Information shown:
========

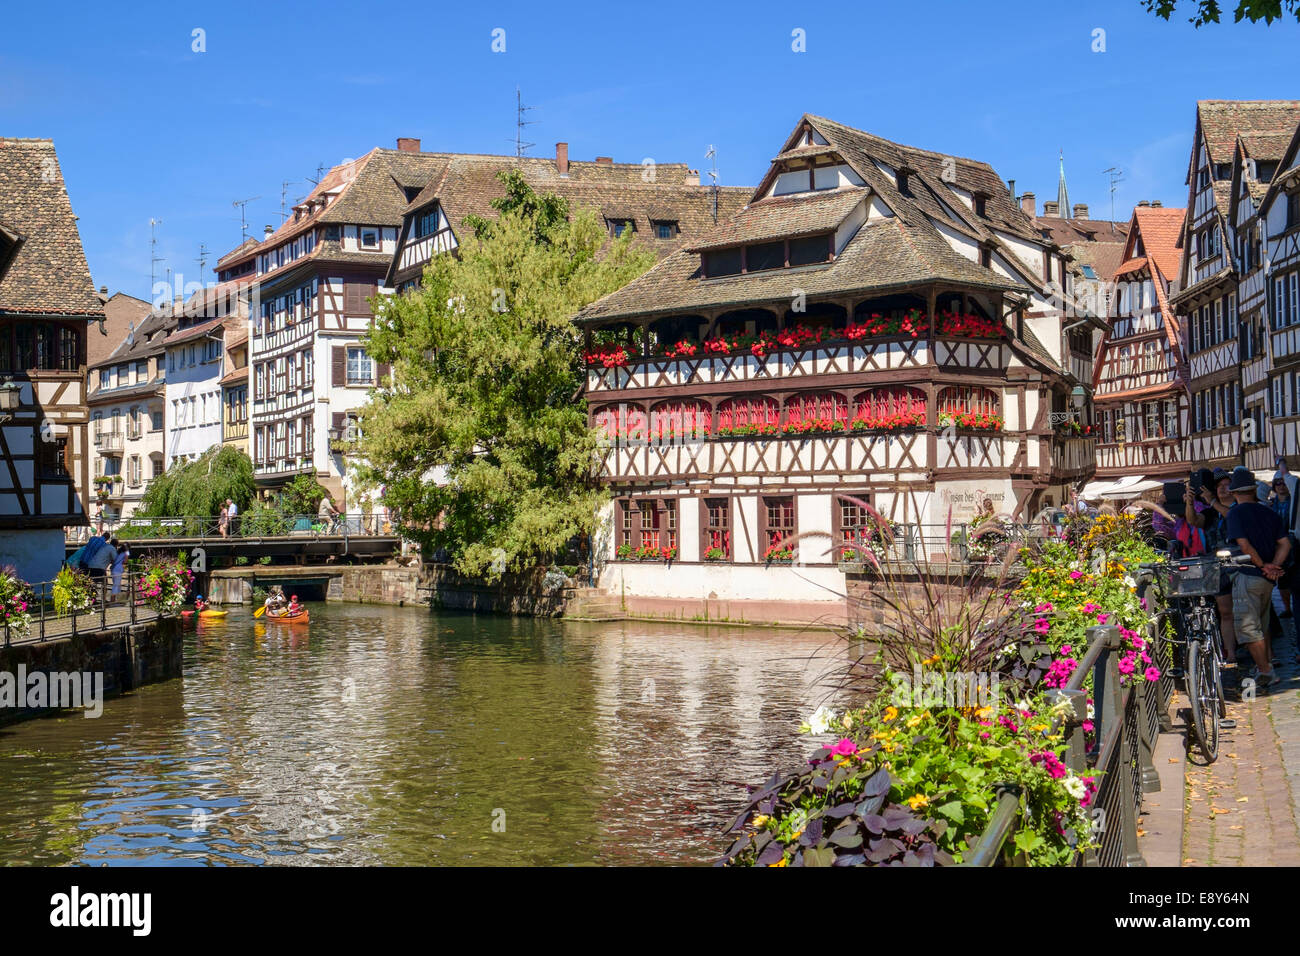 Strasbourg, France, Europe - beaux bâtiments médiévaux dans la Petite France au bord de l'eau Banque D'Images
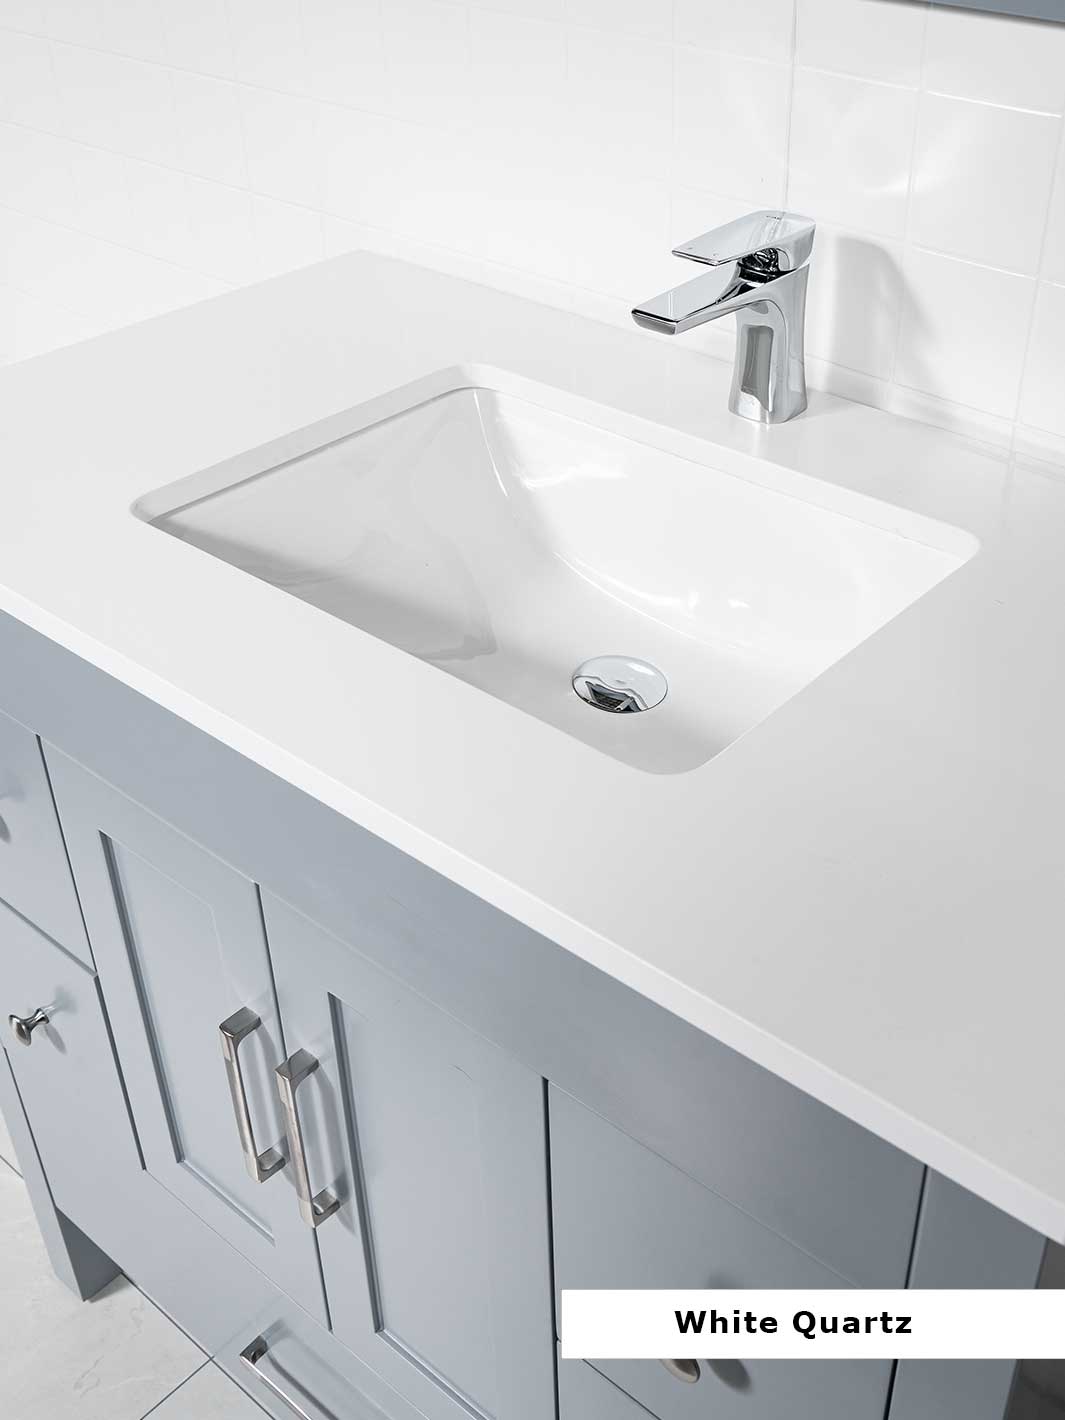 white quartz counter and chrome faucet
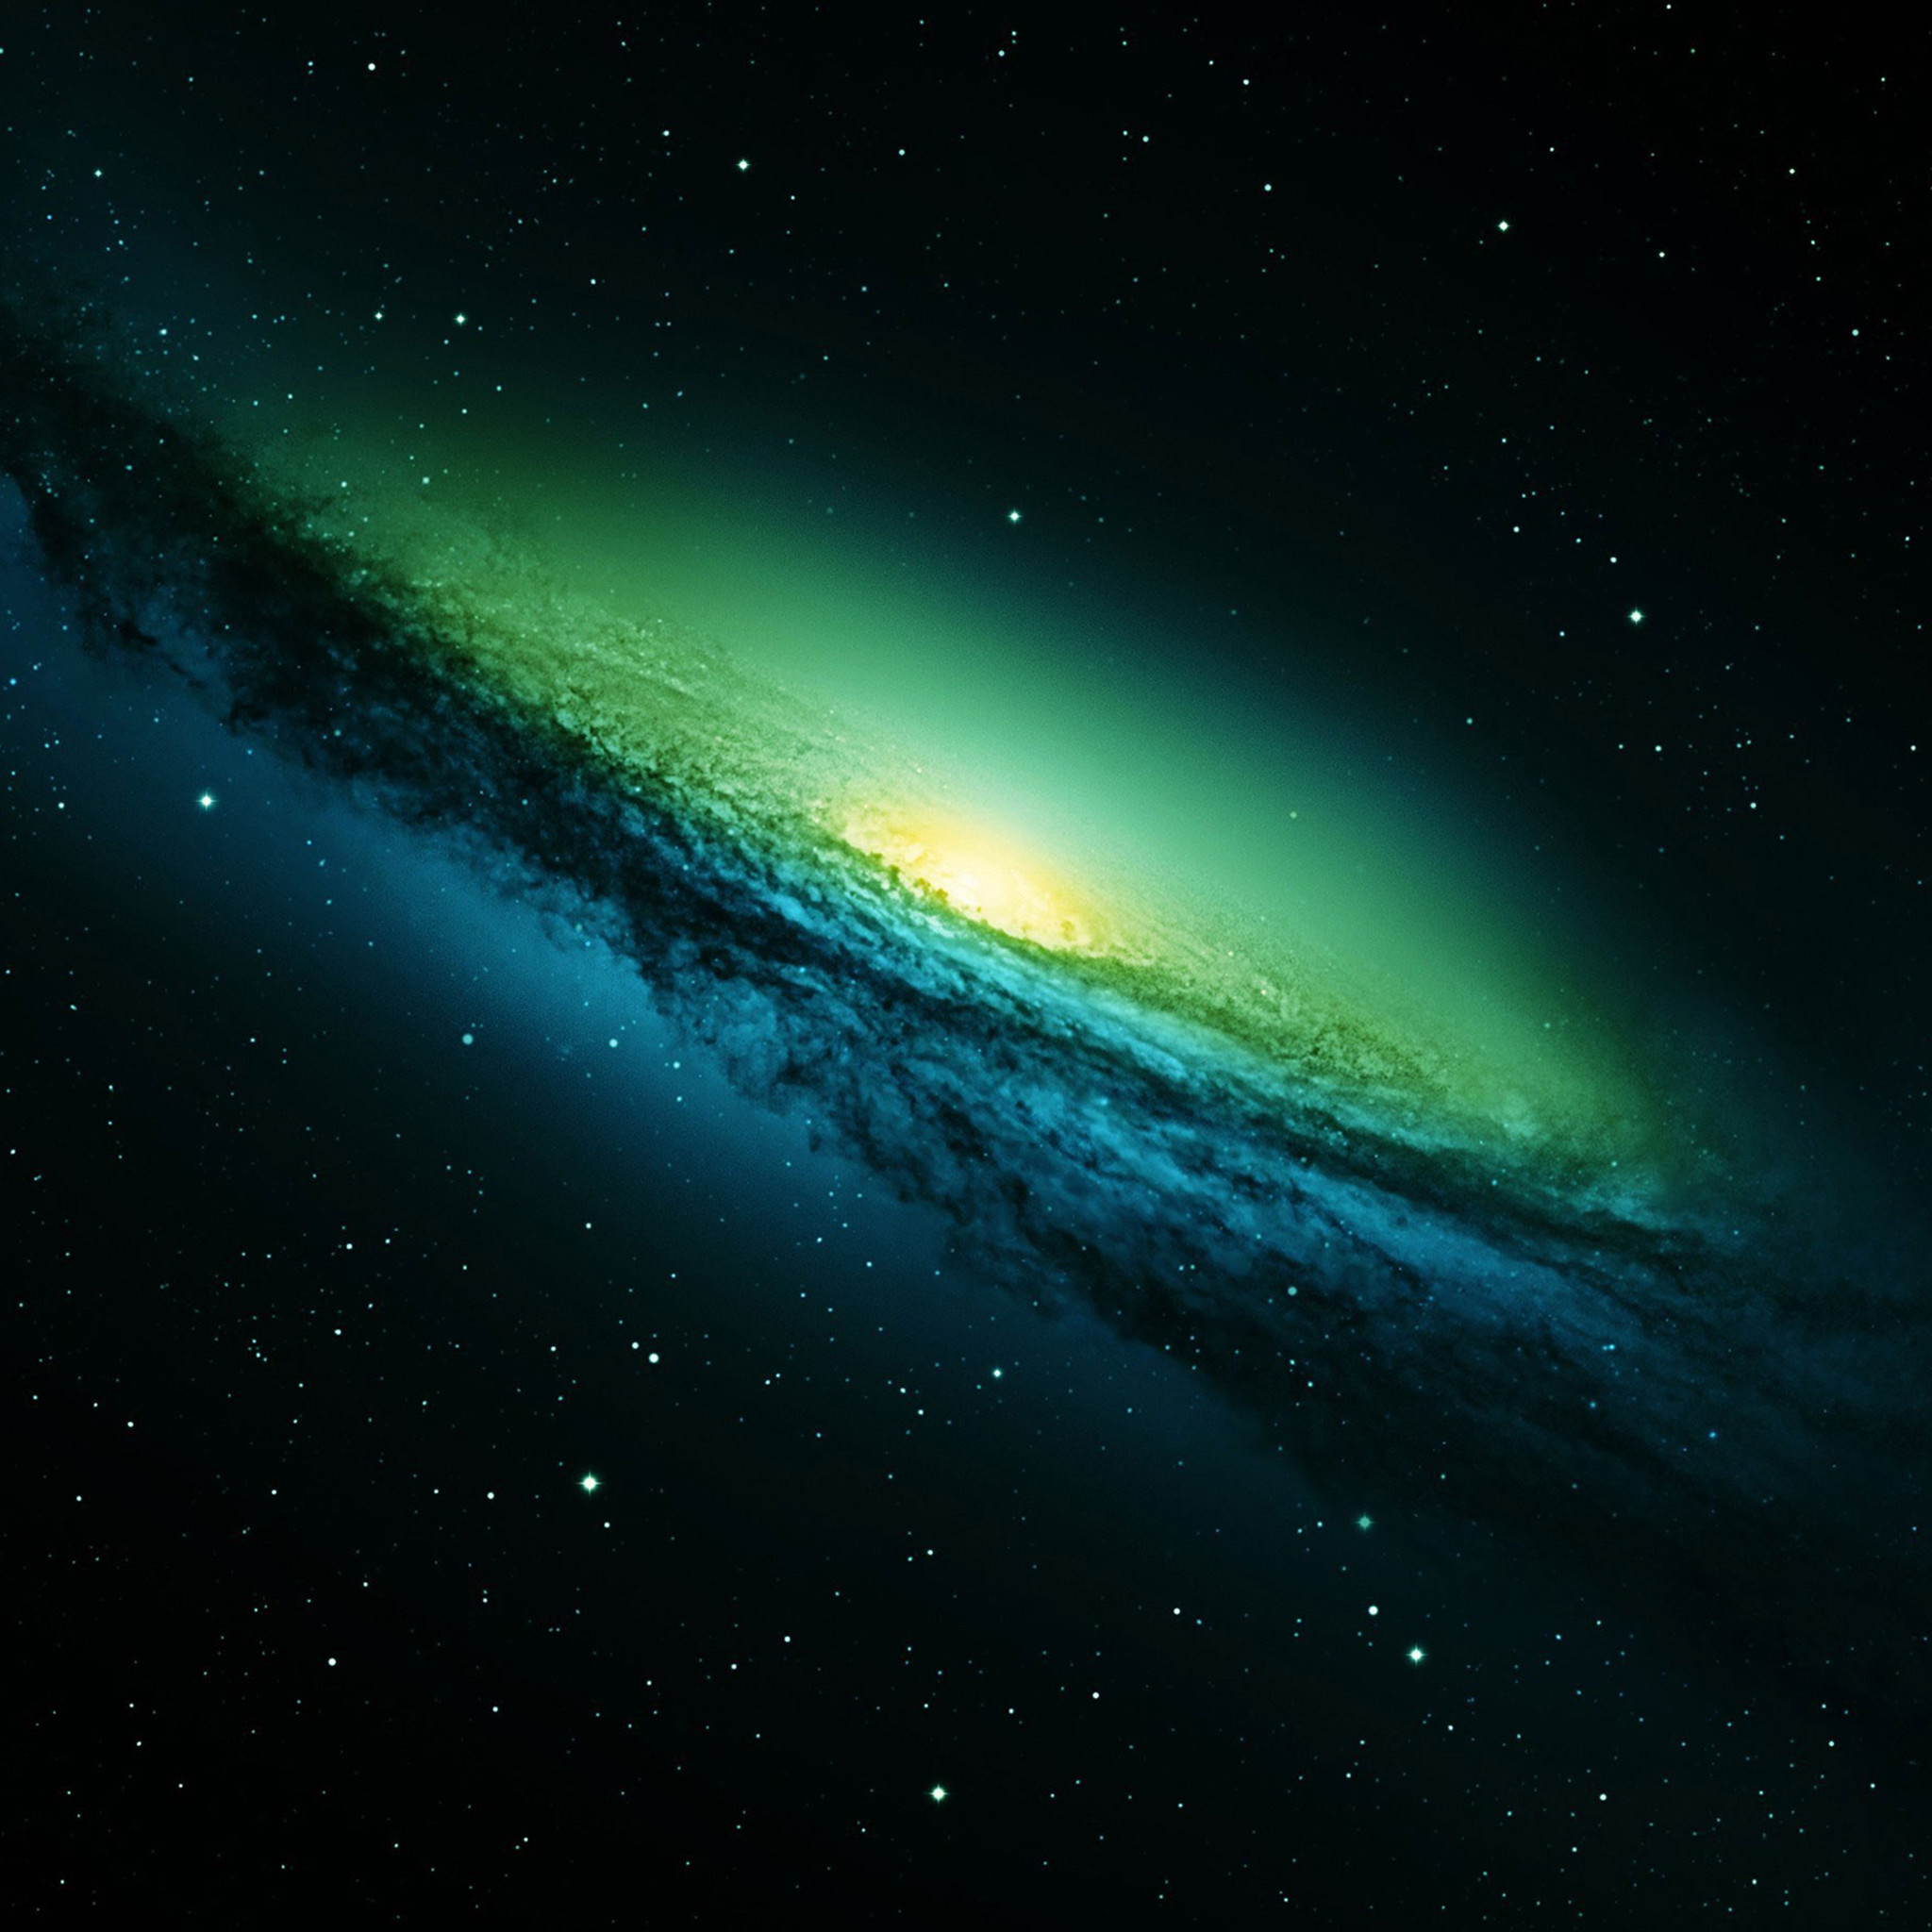 samsung galaxy grand prime plus tapete,himmel,atmosphäre,grün,aurora,weltraum

========

Work required:
Copy the data above word for word. Pictures stay out.

Answer:
 Strasbourg, France, Europe - beaux bâtiments médiévaux dans la Petite France au bord de l'eau Banque D'Images
 white quartz counter and chrome faucet
 samsung galaxy grand prime plus tapete,himmel,atmosphäre,grün,aurora,weltraum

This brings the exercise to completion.